Though the new rules will not require any product labeling, the compliance costs to issuers—and to any private companies in their supply chains—will be substantial. The rule effectively requires a full accounting of an entire supply chain, which may be complex or multi-layered, with issuers needing to be able to trace the conflict minerals used in their products back to the smelters where they originated. The SEC estimates the initial compliance costs will be between $2 and $3 billion, and the annual continuing cost of compliance will be between $206 and $609 million. Because the final rules (unlike the draft rules) require companies to “file” the new Form SD with the SEC—instead of merely “furnishing it—failure to comply with the new rules may subject reporting issuers to potential Section 18 liability under the Securities Exchange Act.

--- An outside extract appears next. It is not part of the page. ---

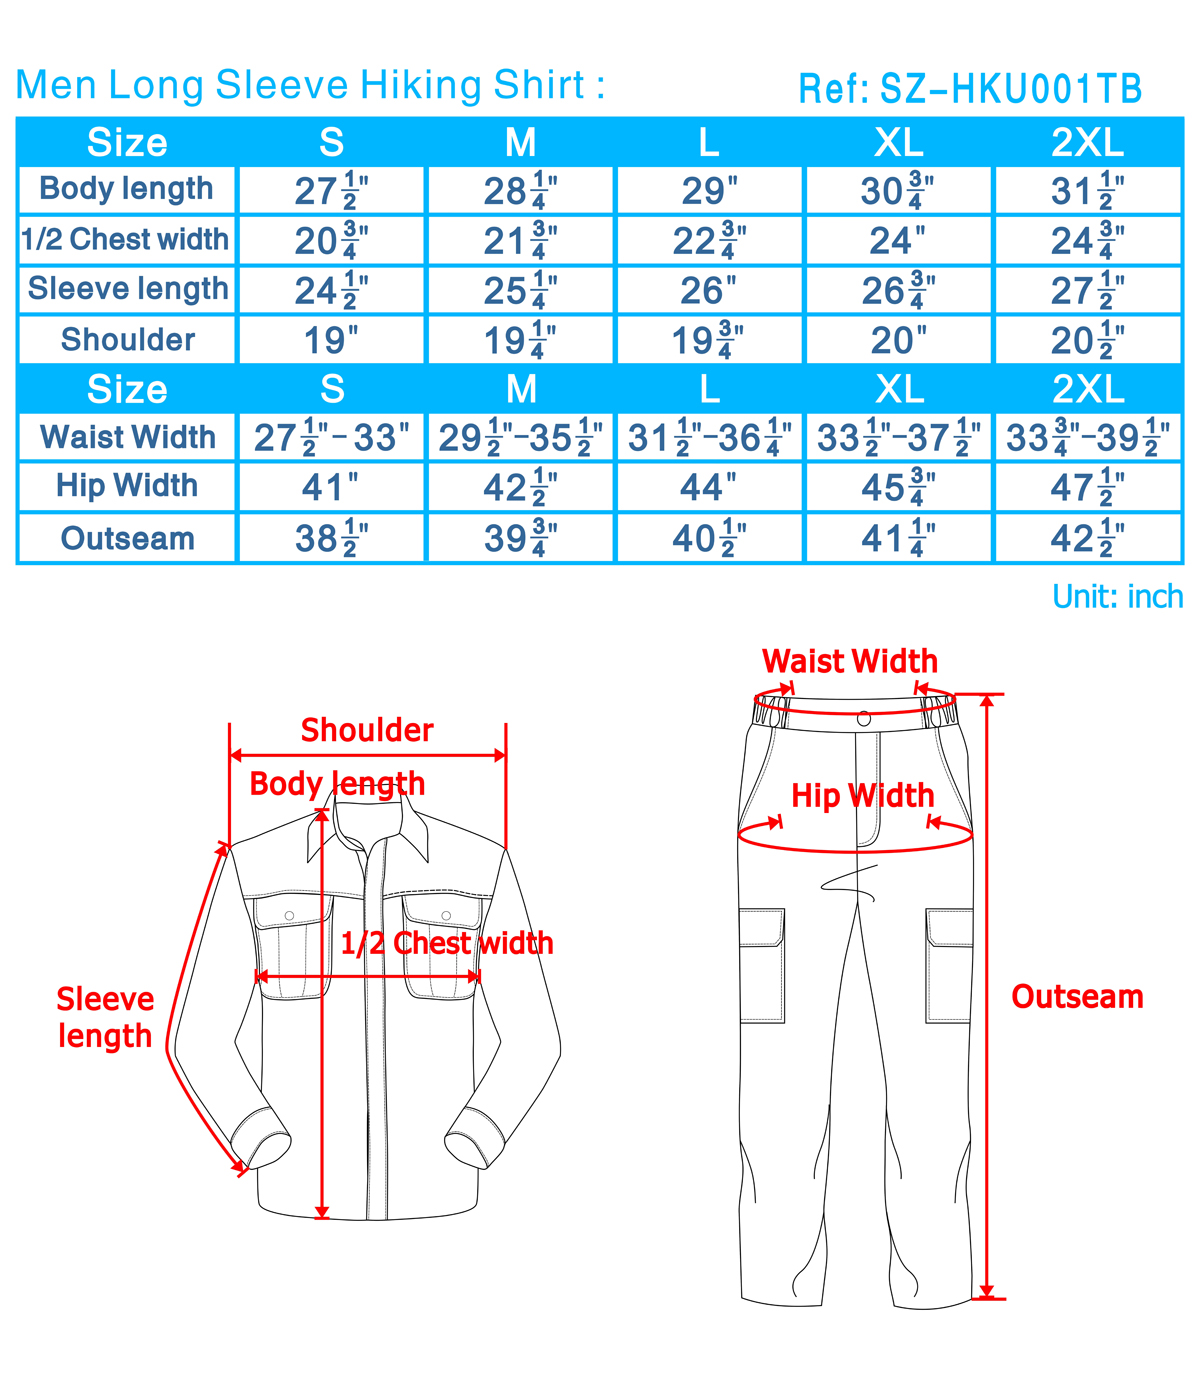 2xl Pants Size Chart

On the same day, the SEC also issued final rules on Section 1504 of the Dodd-Frank Act, which require resource extraction issuers to publicly disclose payments made to the federal government or foreign governments as they relate to the commercial development of oil, natural gas or minerals. (View McDermott’s 2012 Dodd-Frank Act Compliance Checklist for Resource Extraction Issuers and “Conflict Mineral” Manufacturers for more information on compliance with Section 1504.)
Due to the complex supply chain inquiries that will be necessary for compliance, companies that may be subject to the new conflict minerals rules should begin the process of determining whether they fall under their authority as soon as possible.